## Provided material
----
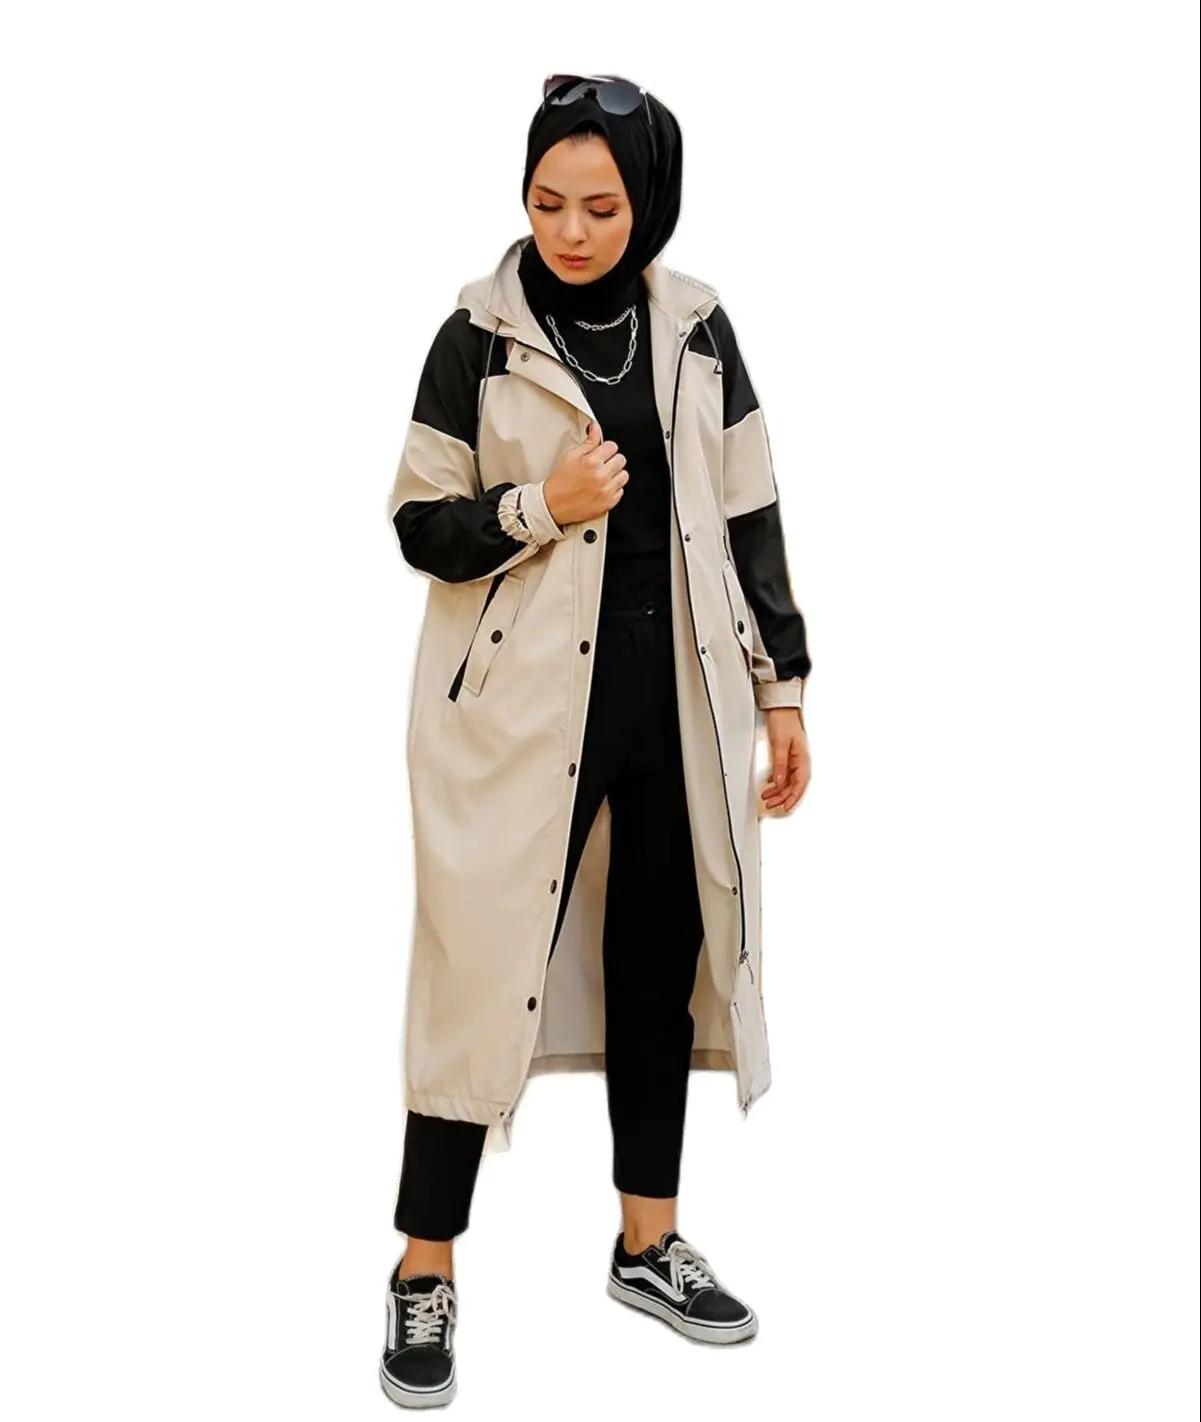 Autumn Trench Coat New Fashion Loose Large Size X-Long Women 'S Trench Coat Muslim Clothing Hooded Zipper Button Muslim Fashion
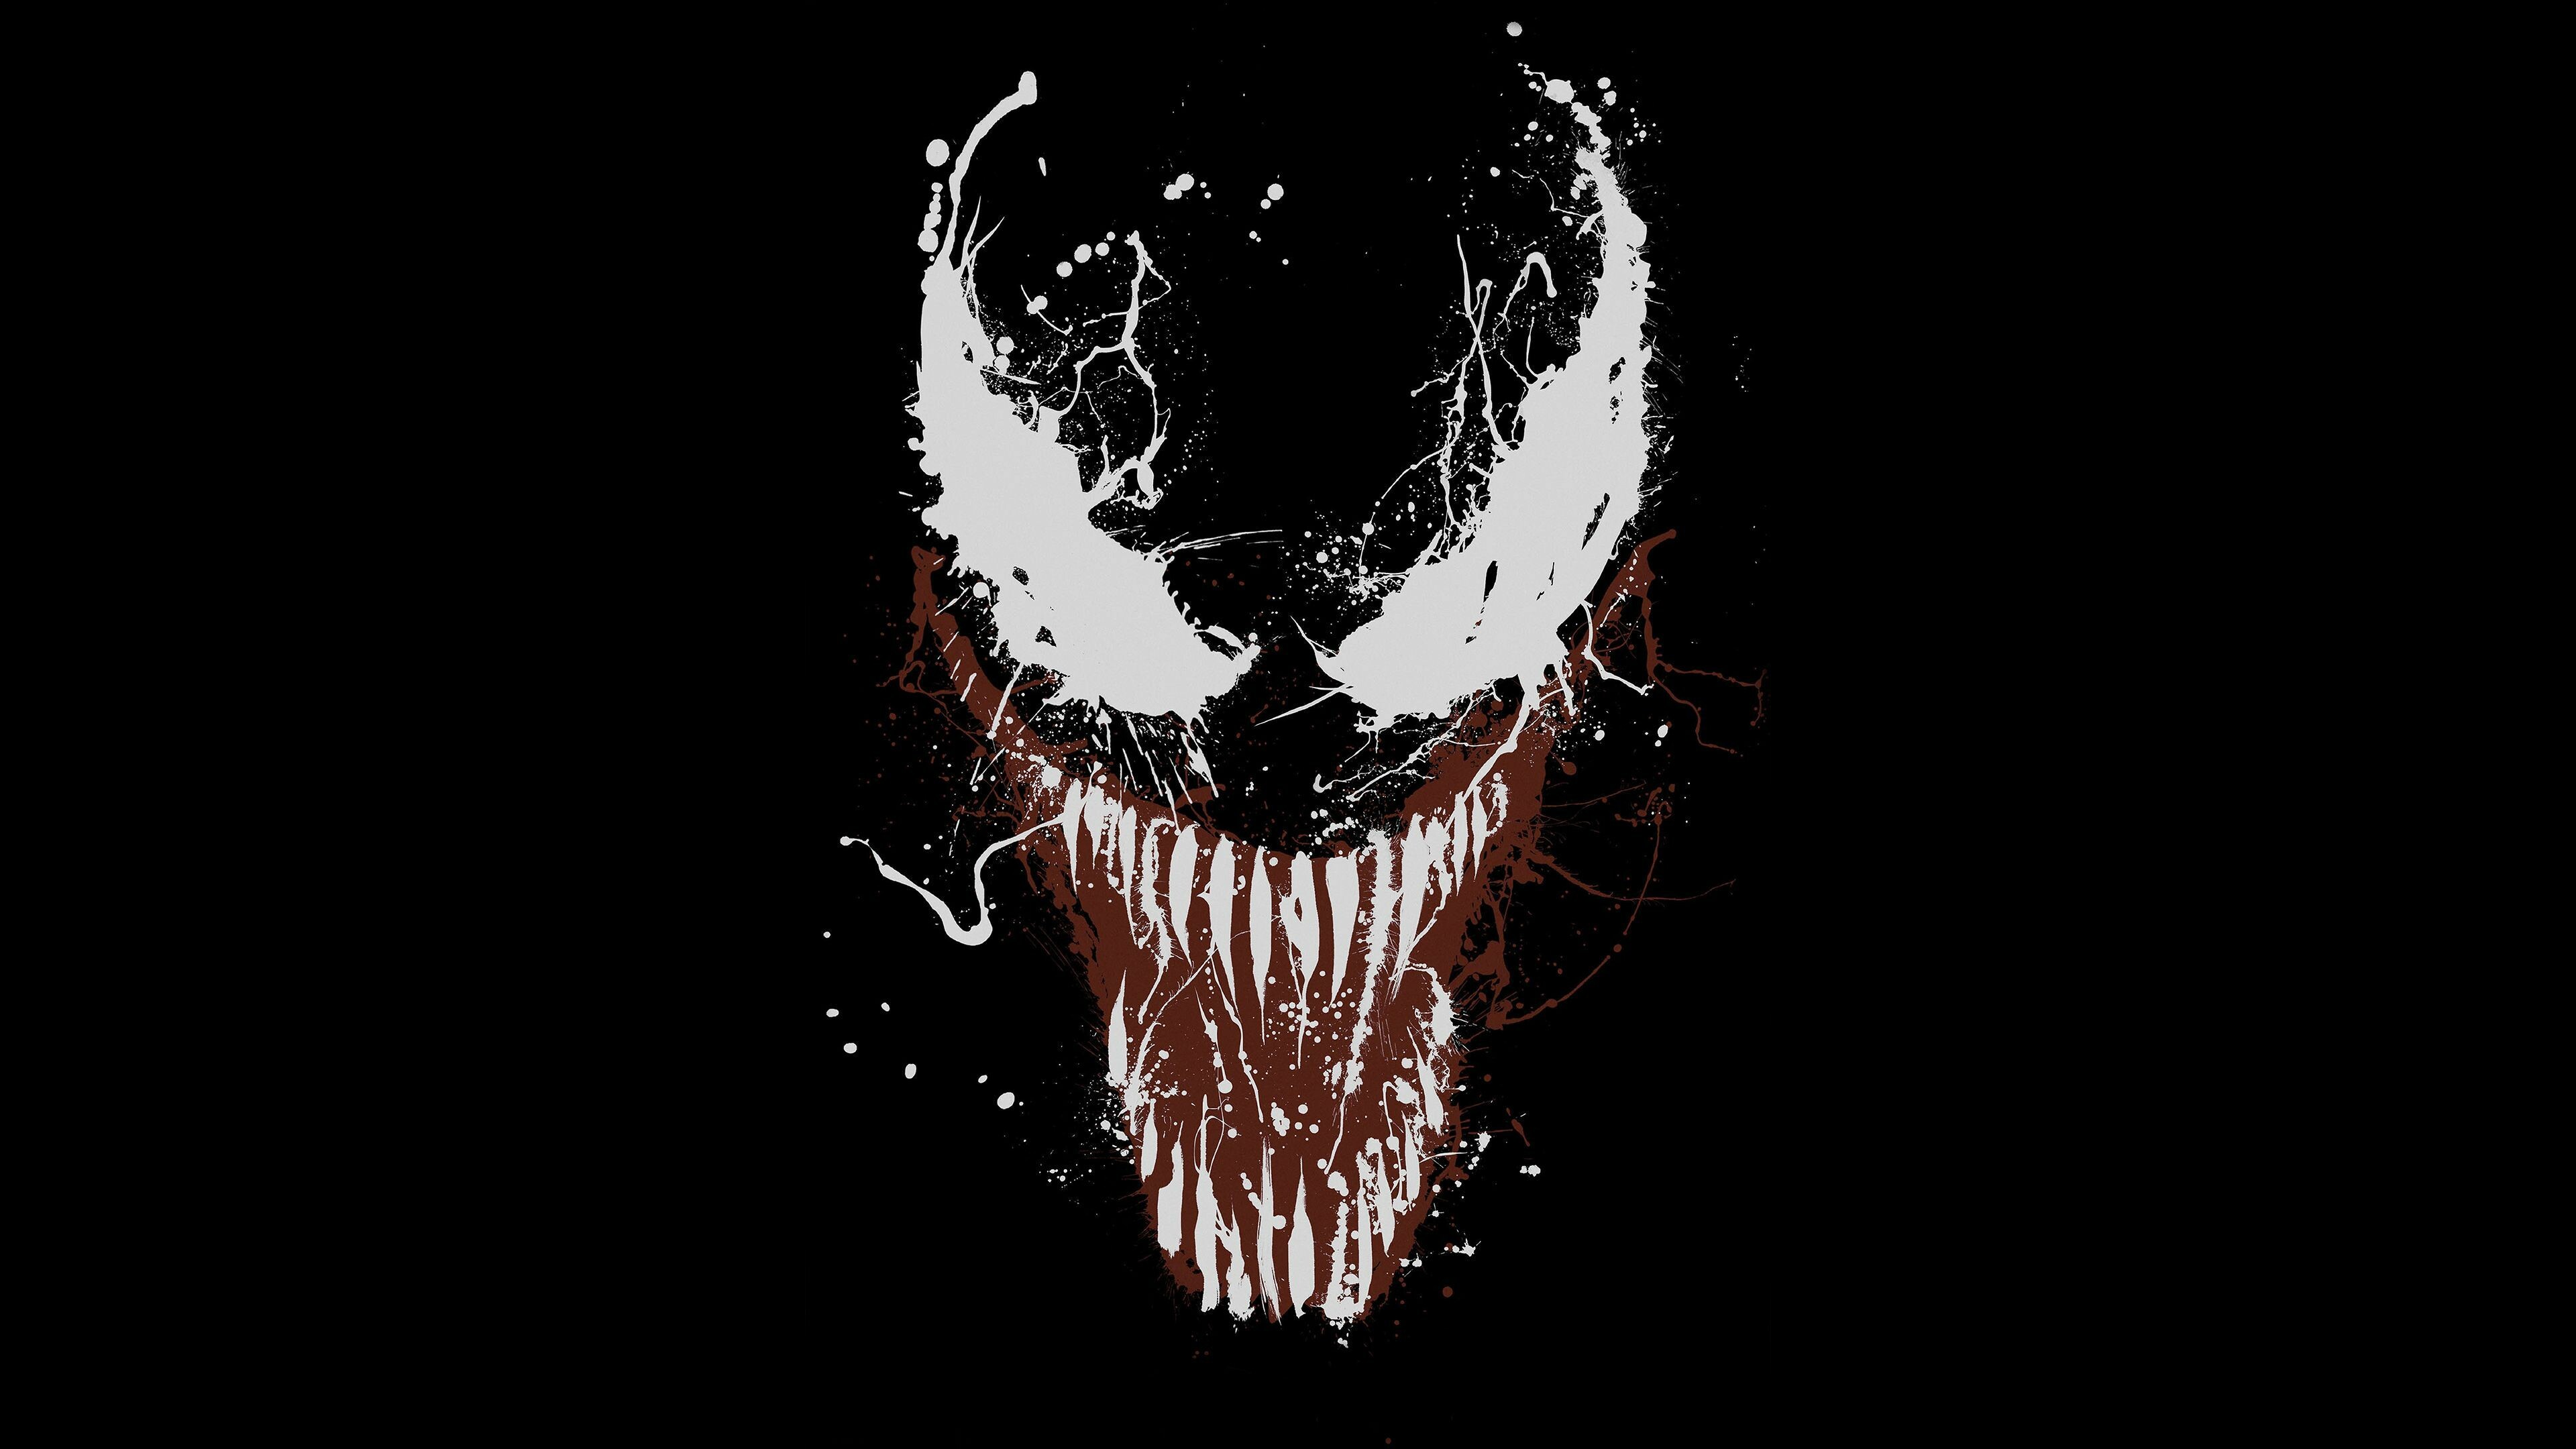 Venom: A 2018 American superhero film featuring the Marvel Comics character of the same name. 3840x2160 4K Wallpaper.
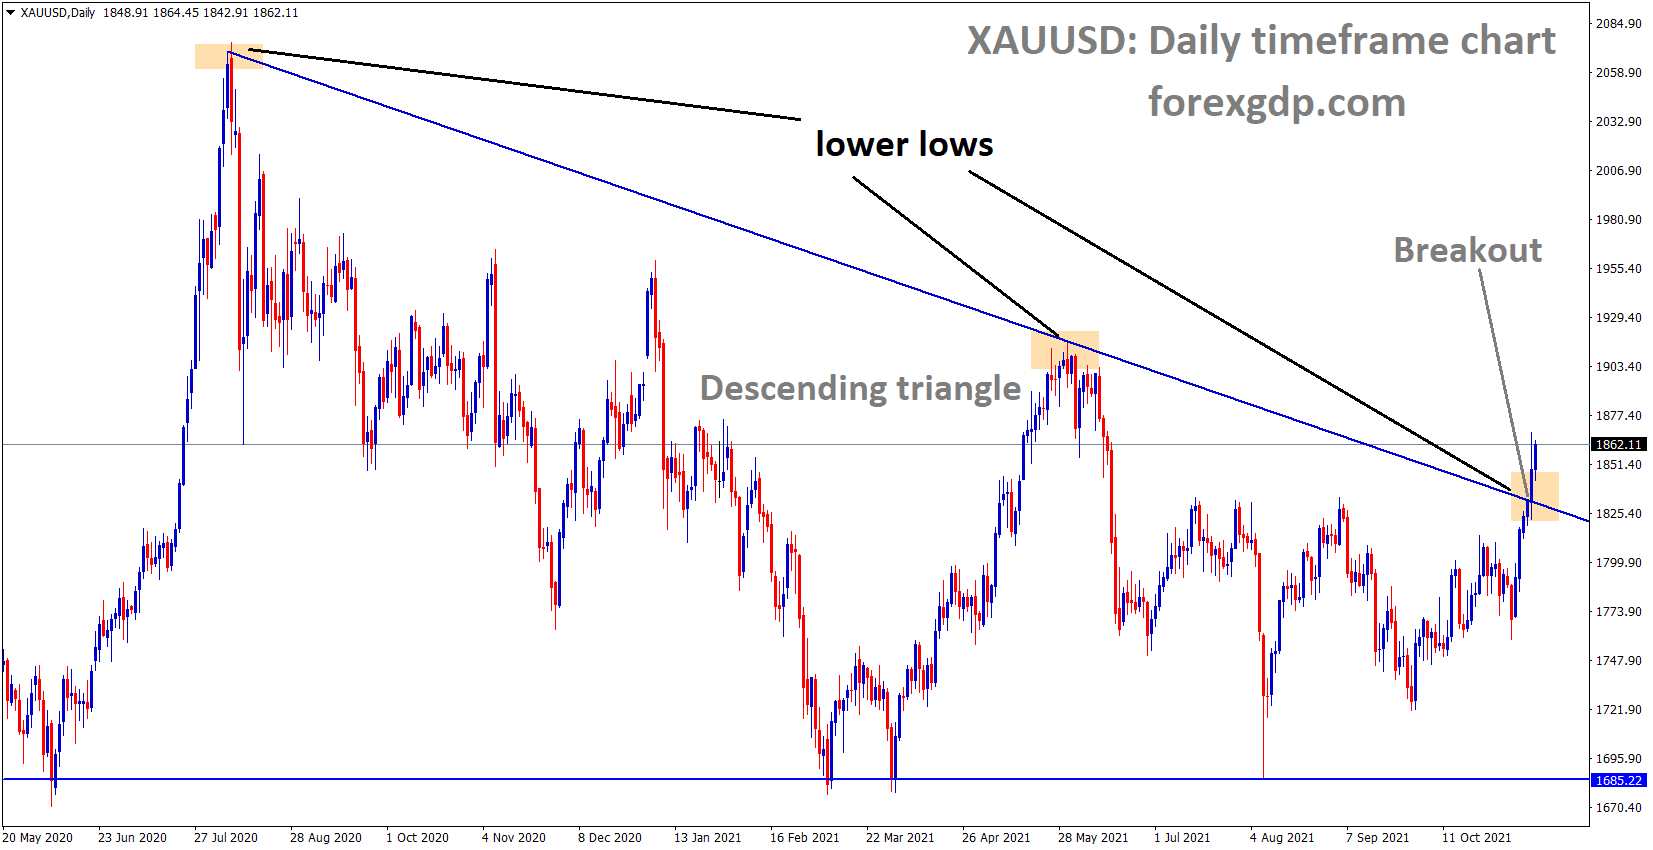 XAUUSD Gold price has broken the Descending triangle pattern after a long time.
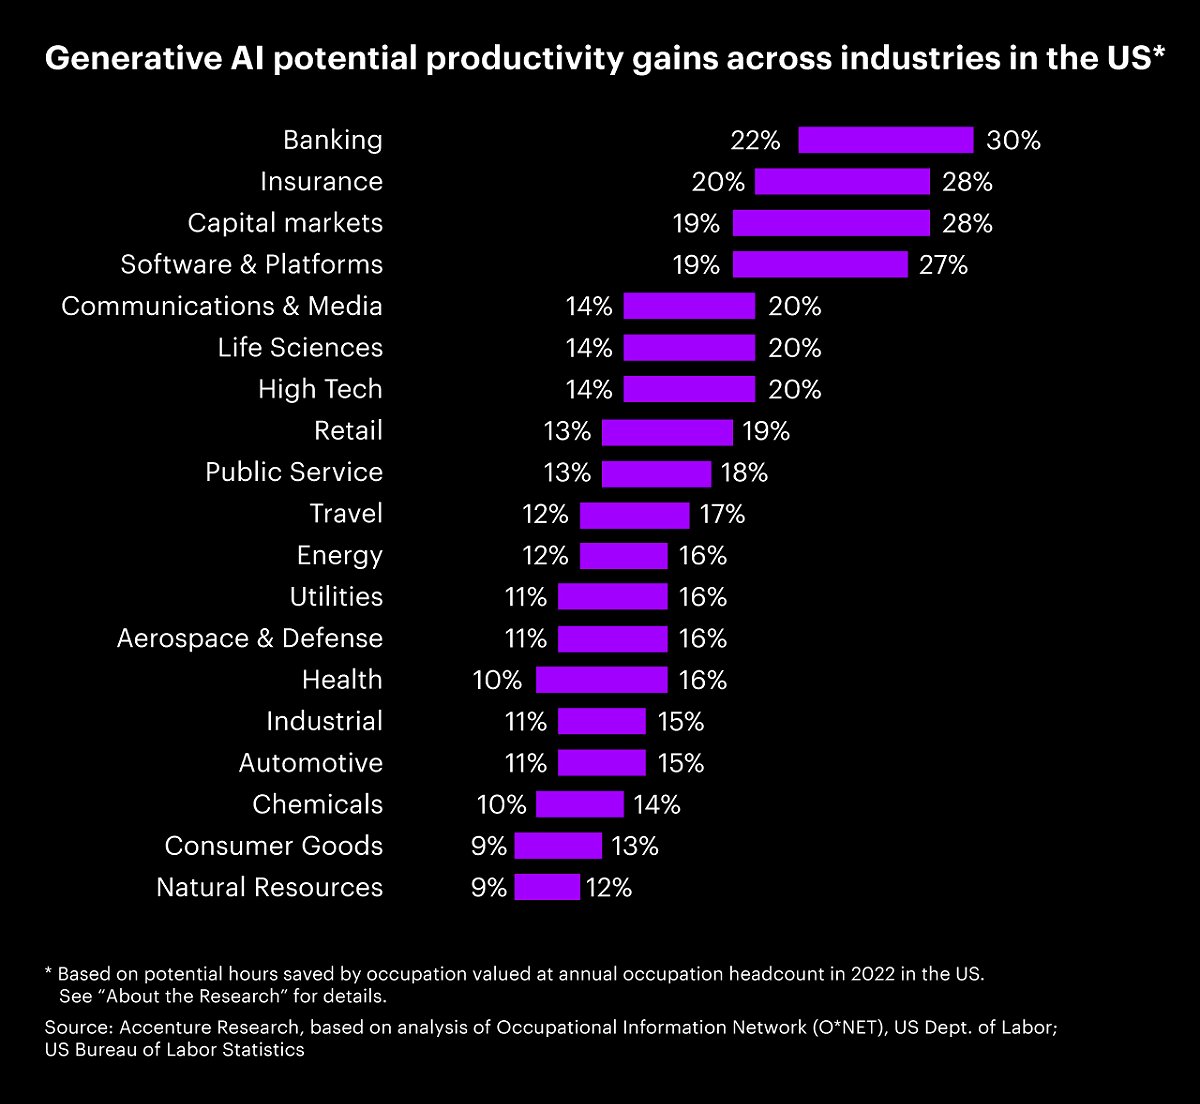 Generative AI potential productivity gains across industries in the US. This chart shows potential productivity gains due to gen AI by industry: Banking 22% to 30% gain, Insurance 20% to 28%, Capital Markets 19% to 28%, Software and Platforms 19% to 27%, Communications and media, Life Sciences and High Tech gained 14% to 20%, Retail 13% to 19%, Public service 13% to 18%, Travel 12% to 17%, Energy 12% to 16%, Utilities and Aerospace & Defense gained 11% to 16%, Health 10% to 16%, Industrial and Automotive gained 11% to 15%, Chemicals 10% to 14%, Consumer goods 9% to 13%, and finally Natural resources gained 9% to 12%.
----
## Work item
Both the line above containing "Venom: A 2018" and the line containing "XAUUSD Gold price" belong in the copy, along with every line between them; print these exactly and omit the pictures.

## Answer to the problem
 Venom: A 2018 American superhero film featuring the Marvel Comics character of the same name. 3840x2160 4K Wallpaper.
 XAUUSD Gold price has broken the Descending triangle pattern after a long time.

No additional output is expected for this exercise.